# Holiday Decorations!



## Redtenchu

Show us your outdoor Holiday decorations!

I enjoy outdoor Halloween and Christmas decorations. I wanted to start this thread as a catch all for inflatables, lights, signs and whatever else you put up outdoors.

I'll post my Halloween decorations as soon as I get them put up! Lol


----------



## Ware

Good idea. :thumbup:


----------



## HomerGuy

Awesome idea. I would love to see some tips on how to hang lights, run power, controls, etc. I've done some, and it looks pretty good, but not professional level yet.


----------



## pennstater2005

My kids want one of those lights you stick in the ground and shine on the house. Not so sure I'm a fan of those.


----------



## Reel Low Dad

My mom was in town and bought some decorations for the kids enjoyment. The wife is not a big fan.


----------



## Redtenchu

Fistertondeluxe said:


> My mom was in town and bought some decorations for the kids enjoyment. The wife is not a big fan.


Awesome!

We tried to put up a few Halloween items this weekend, but they have been misplaced. I'll be shopping for a few new outdoor Halloween items this week!


----------



## wardconnor

Fistertondeluxe said:


> My mom was in town and bought some decorations for the kids enjoyment. The wife is not a big fan.


I see a need for an Eley


----------



## dfw_pilot

wardconnor said:


> I see a need for an Eley


LOL


----------



## Iriasj2009

Nothing drastic but a couple of pumpkins make it seem like fall even though it's 90+ lol.

Oh and I guess the dead grass kinda helps too :lol:


----------



## M311att

We'll find out if this was a bad idea later Tonight. This is my 9 yr old daughter's window.


----------



## pennstater2005

M311att said:


> We'll find out if this was a bad idea later Tonight. This is my 9 yr old daughter's window.


I might call the cops if I saw that in passing!


----------



## Redtenchu

We are weeks behind our normally scheduled Halloween decorations but we got them up!

These dudes are sound activated and scare most people because they aren't noticed until the eyes light up and the make a scary moaning sound.




Just some extras, nothing special.


This Witch is motion activated and jumps all over the place making noise as you walk by.

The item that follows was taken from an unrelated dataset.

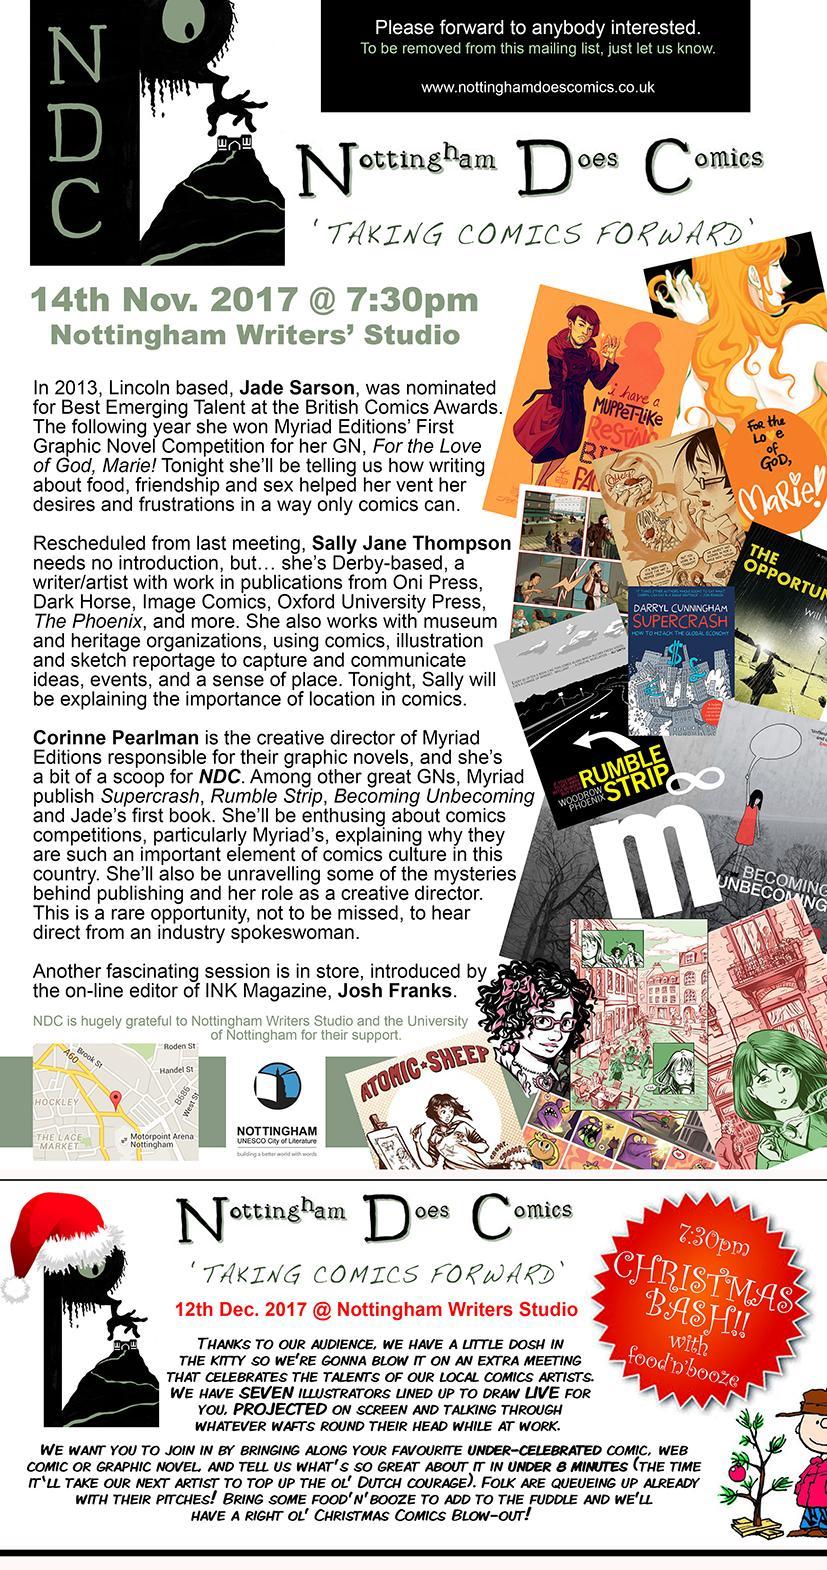 Nottingham Does Comics - November 2017
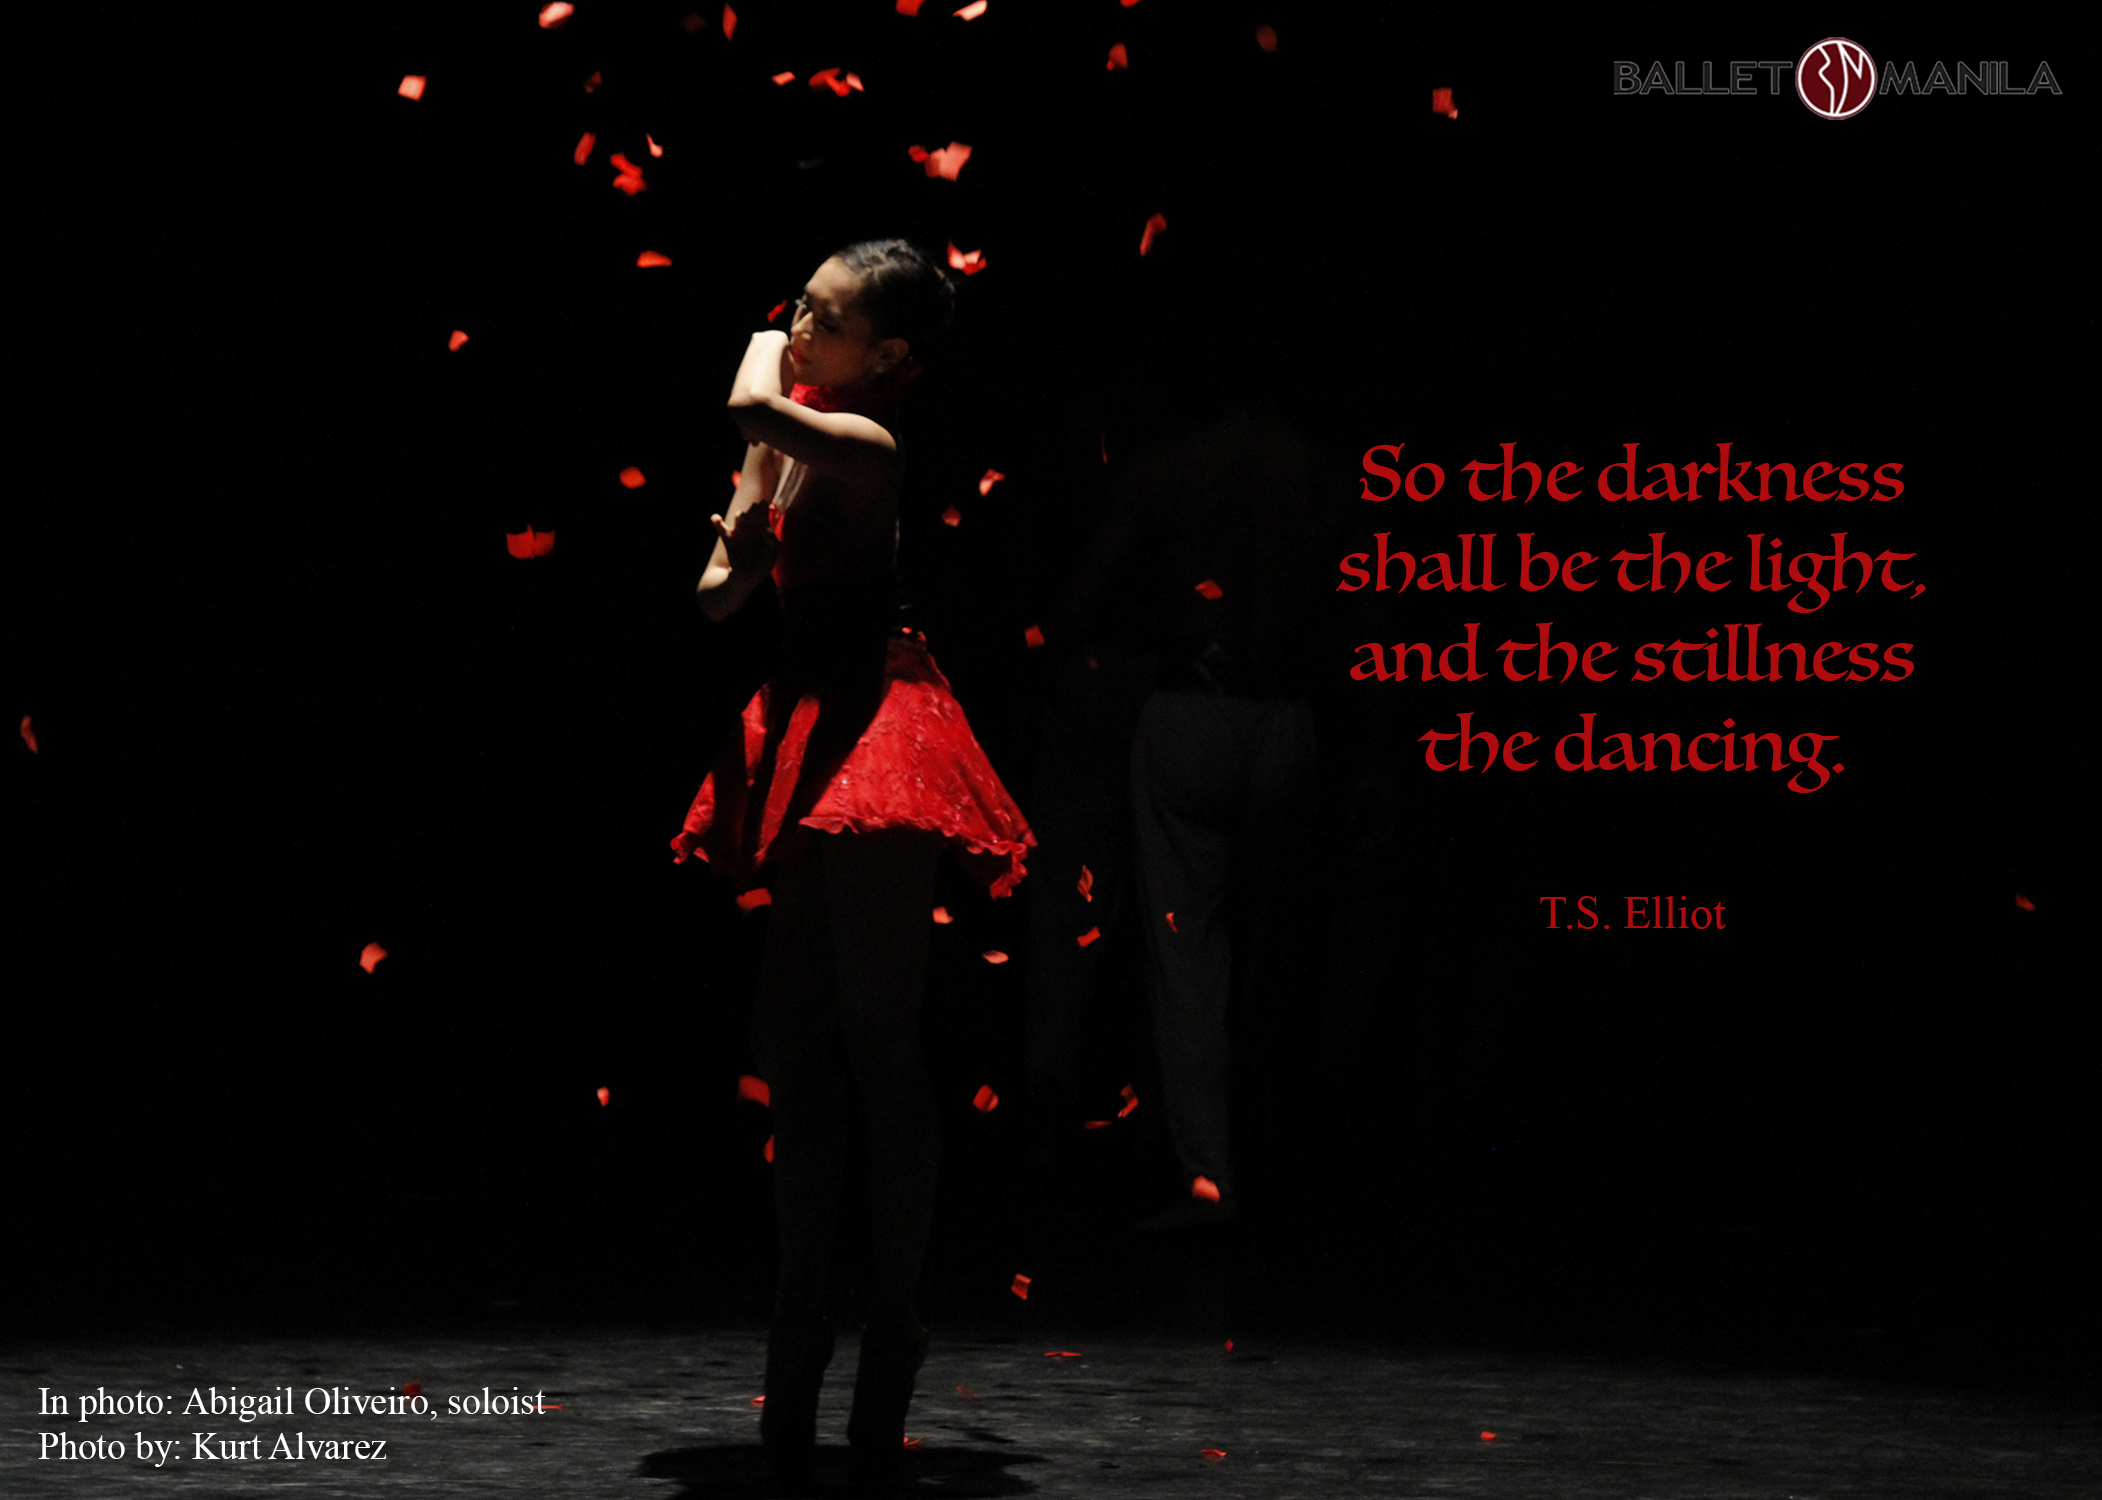 Talk about dance: TS Elliot - Ballet Manila Archives

The spider wall is always my favorite. There is a few glow-in-the-dark skeletons we add along with a strobe light behind the web display makes the spider appear to move as you walk towards the door for candy.


----------



## FRD135i

I haven't seen a thread on this and I am a bit surprised. I know there has to be some of yall out there that do some Halloween set ups, whether it be keeping kids off the lawn or full blown haunted houses. I say post em' up! I'll have my pics later tonight.


----------



## Ware

FRD135i said:


> I haven't seen a thread on this and I am a bit surprised. I know there has to be some of yall out there that do some Halloween set ups, whether it be keeping kids off the lawn or full blown haunted houses. I say post em' up! I'll have my pics later tonight.


Moved this here. :thumbup:


----------



## FRD135i

Ware said:


> FRD135i said:
> 
> 
> 
> I haven't seen a thread on this and I am a bit surprised. I know there has to be some of yall out there that do some Halloween set ups, whether it be keeping kids off the lawn or full blown haunted houses. I say post em' up! I'll have my pics later tonight.
> 
> 
> 
> Moved this here. :thumbup:
Click to expand...

Thanks ware! 


My submission




Daytime with the undertaker that gives out candy


----------



## Colonel K0rn

FRD135i said:


> Ware said:
> 
> 
> 
> 
> 
> FRD135i said:
> 
> 
> 
> I haven't seen a thread on this and I am a bit surprised. I know there has to be some of yall out there that do some Halloween set ups, whether it be keeping kids off the lawn or full blown haunted houses. I say post em' up! I'll have my pics later tonight.
> 
> 
> 
> Moved this here. :thumbup:
> 
> Click to expand...
> 
> Thanks ware!
> 
> 
> My submission
> 
> 
> 
> 
> Daytime with the undertaker that gives out candy
Click to expand...

Holy cow, that's awesome! Thanks for the cool idea!


----------



## Redtenchu

Many of the houses on my street that display outdoor Christmas lights already have them up and going! It seems super early, but I do enjoy some Christmas lights!

Does anyone have Christmas lights up yet?


----------



## JohnP

A neighbor was putting his up. This is the first year I'm going to attempt it at our house, but I'm trying to wait for Thanksgiving weekend so I don't seem too crazy.


----------



## Redtenchu

JohnP said:


> A neighbor was putting his up. This is the first year I'm going to attempt it at our house, but I'm trying to wait for Thanksgiving weekend so I don't seem too crazy.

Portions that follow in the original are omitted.